Lexis+ AI Protégé General AI lets users toggle between the latest models—including Claude Sonnet 4 from Anthropic and models from OpenAI—without switching platforms or subscribing to separate public AI services. Key features:
- All prompts stay within Lexis+ AI’s protected infrastructure
- Data is not shared or used to train models
- A Shepard’s Citation Agent proactively checks legal sources
Note: the Lexis+ “General AI” feels like it needs another important distinction. Given that this is different than their Protégé suite of products, which includes legal research but also drafting tools, General AI is more of a way for Lexis+ to provide access to the common AI chat models, such as you would get from the ChatGPT, Claude, or Gemini via web or desktop interfaces. Providing secure access to leading models within a legal product legal professionals already use opens up a lot of possibilities and use cases that would have required you to copy and paste content then hop to a different AI tool, for example.
Gemini Updates
Google has rolled out significant updates across its AI ecosystem in recent weeks:
Reminder : When you use Gemini and NotebookLM with your BC accounts, your chat history and data are not used for model training and are protected under BC’s privacy agreement with Google.
Gemini 3 Pro
Google Announced the release of their latest frontier model, Gemini 3 Pro, with improved reasoning capabilities , alongside Gemini 3 Image Pro optimized for image generation and editing tasks . You can read about additional Gemini app improvements here.
NotebookLM
Google’s research and notetaking app NotebookLM has also been steadily adding new features: chat history and personalization that lets you save and resume conversations, and Deep Research that helps discover sources. The platform now also supports the creation of infographics , slide decks , quizzes, flash cards and more.

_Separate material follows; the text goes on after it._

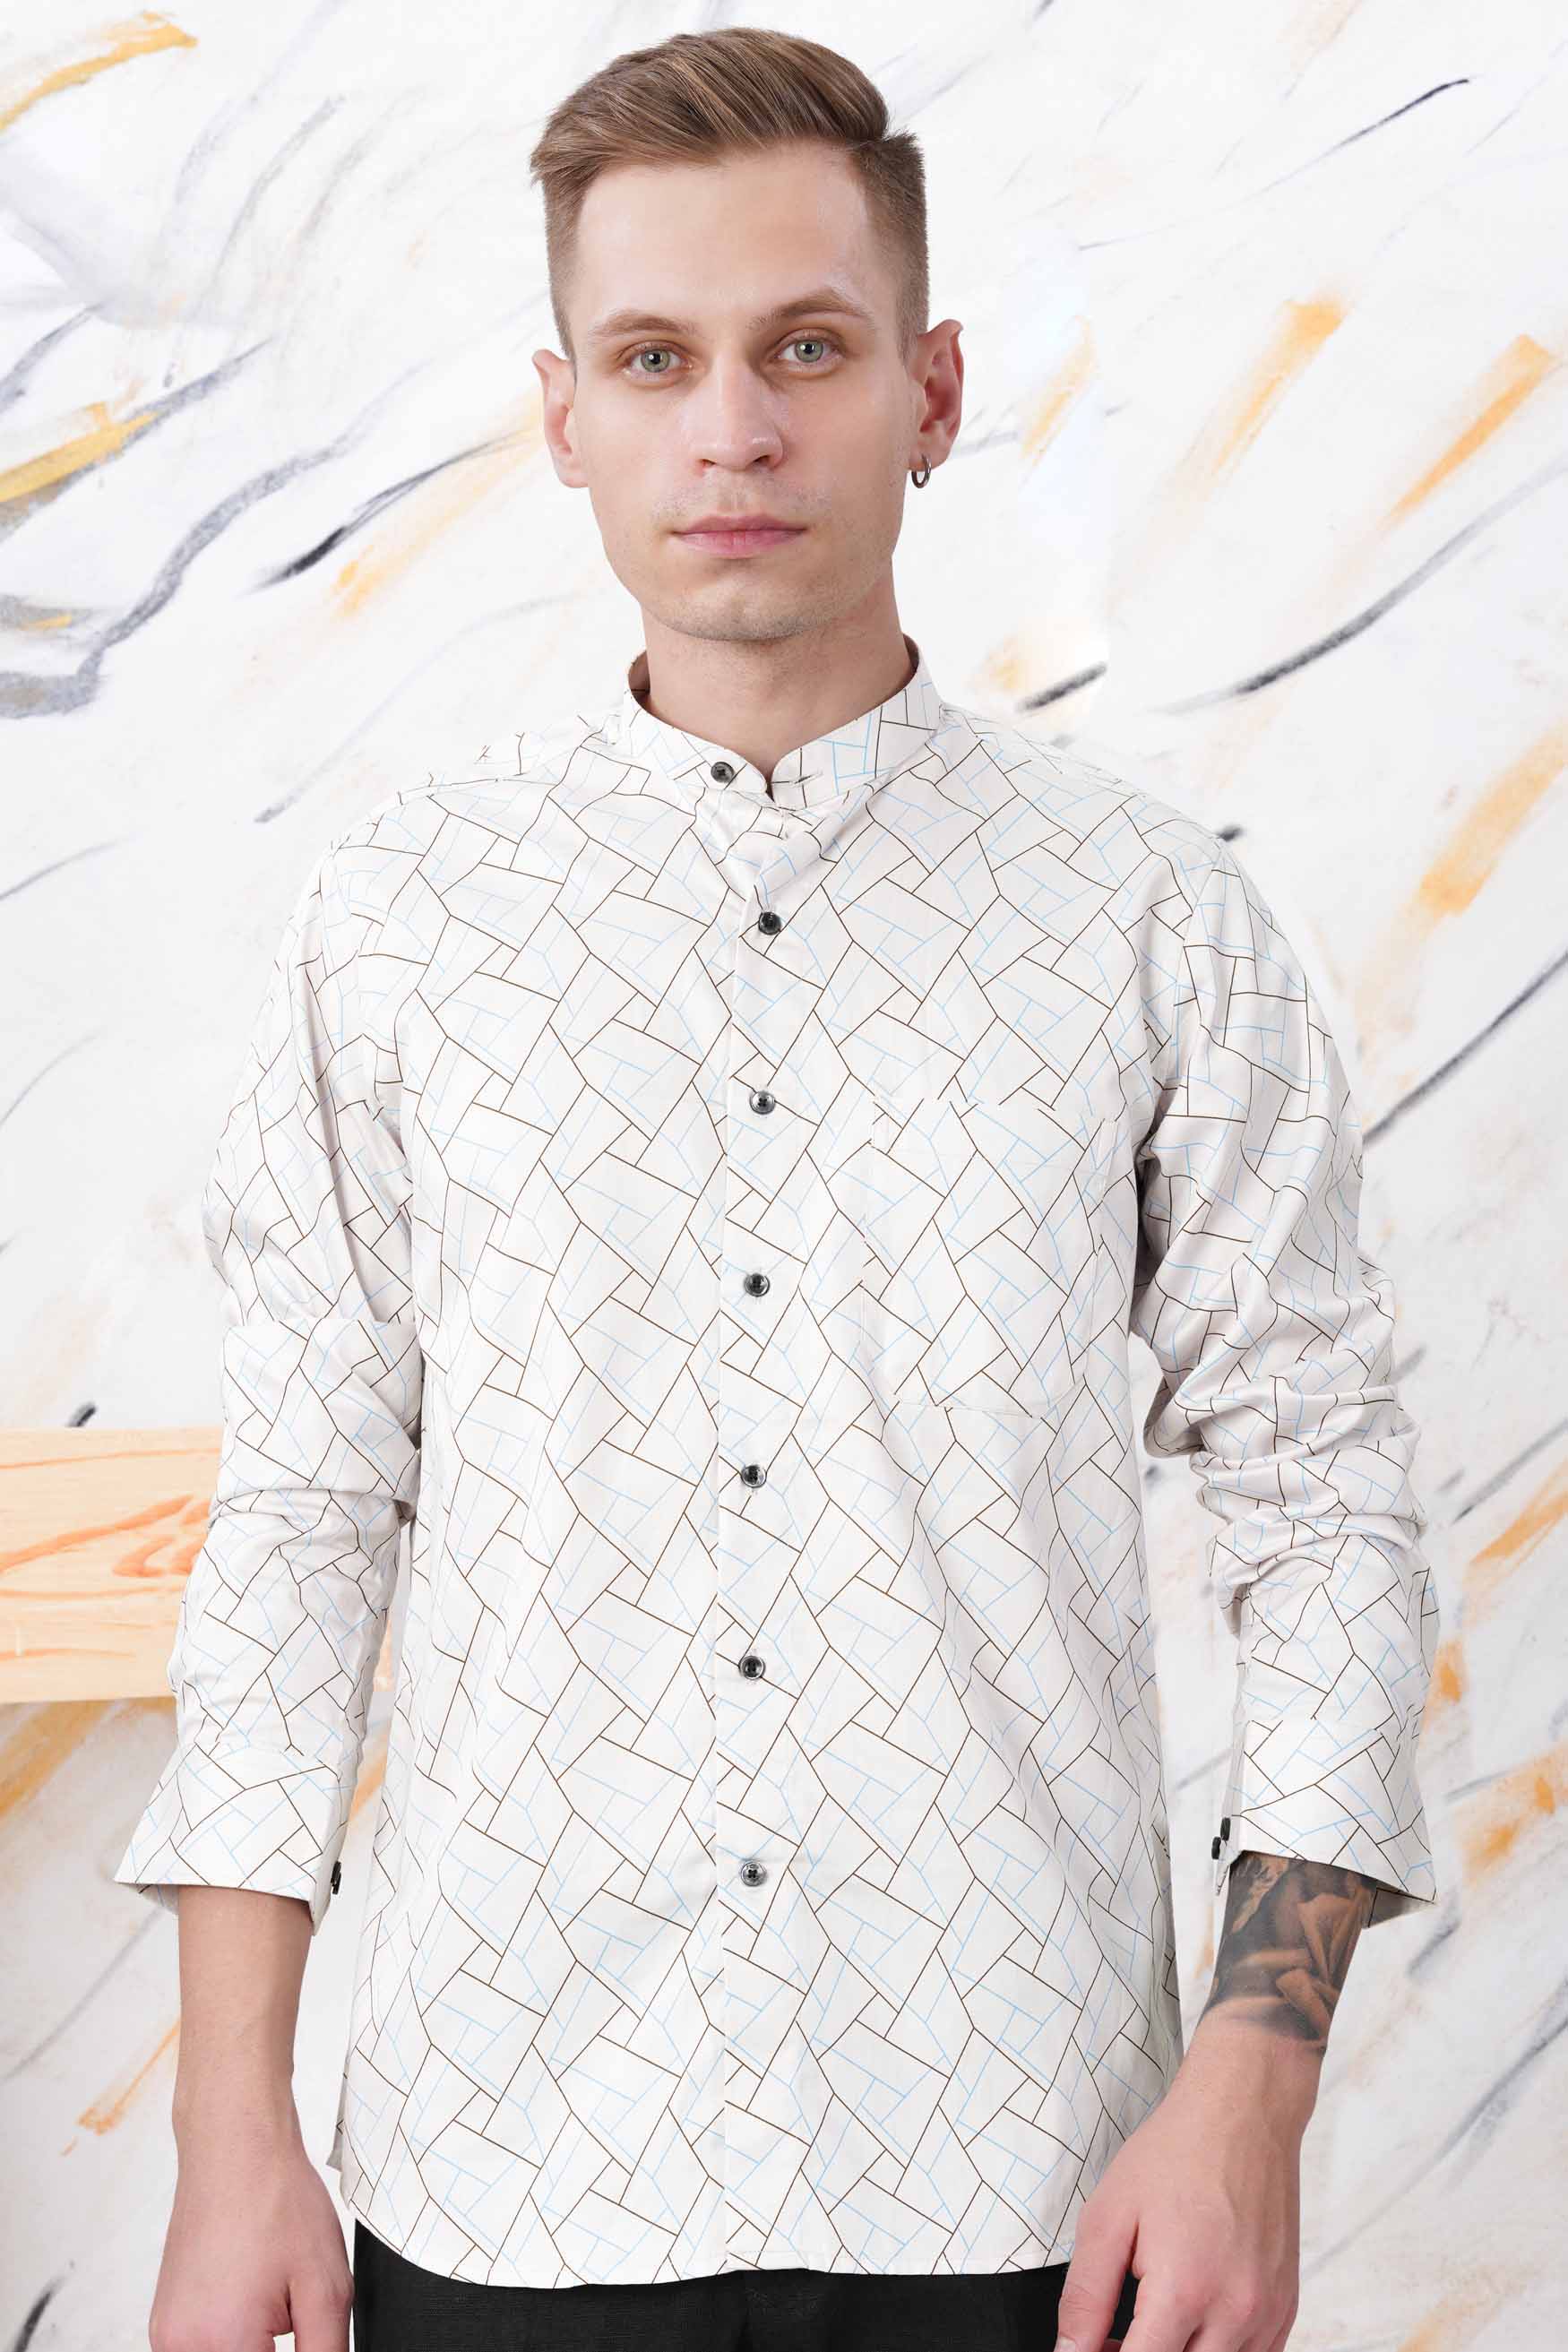 Bright White with Quincy Brown and Carolina Blue Abstract Printed Subtle Sheen Super Soft Premium Cotton Shirt 11576-M-BLK-38, 11576-M-BLK-H-38, 11576-M-BLK-39, 11576-M-BLK-H-39, 11576-M-BLK-40, 11576-M-BLK-H-40, 11576-M-BLK-42, 11576-M-BLK-H-42, 11576-M-BLK-44, 11576-M-BLK-H-44, 11576-M-BLK-46, 11576-M-BLK-H-46, 11576-M-BLK-48, 11576-M-BLK-H-48, 11576-M-BLK-50, 11576-M-BLK-H-50, 11576-M-BLK-52, 11576-M-BLK-H-52

Ethan Mollick has early impressions of Gemini 3 worth reading. Here are additional impressions and experiments from other industry insiders and subject matter experts: Matt Shumer , The folks from Every , Allie K. Miller , Hard Fork interview with Demis Hassabis & Josh Woodward , The Neuron interview with Logan Kilpatrick

From Knower to Learner
Essays and research on the paradox of how fear and perception might prevent you from getting the most out of generative AI.
In previous newsletters we shared data on how recent frontier AI models—the latest and most capable releases from labs like OpenAI, Anthropic, and Google—are approaching expert level quality on discrete tasks , data also suggests efficiency and quality boosts for individuals and teams who can leverage AI for their work.
But if we are to believe the benefits are clear, why is adoption stalling for so many?
A recent breakdown of an EIG survey of 1,500 American workers found that 42% viewed AI as a threat to job availability. However, a critical detail emerged: The people most afraid of AI were the people who hadn’t used it. Workers who didn’t use AI were 31 percentage points more likely to say that AI is a threat to jobs than workers who do use it.
One Explanation, AI has an “Image” Problem
Duke University researchers ran four preregistered experiments with 4,439 participants and found a clear social penalty for using AI at work. People who imagined using AI tools expected others to see them as lazier, more replaceable, and less competent than if they used a traditional tool, and independent evaluators in fact rated AI users as lazier and less competent than otherwise identical workers who got help from a human or no help at all. These perceptions even spilled over into hiring decisions, where managers who rarely use AI themselves were less willing to select AI users.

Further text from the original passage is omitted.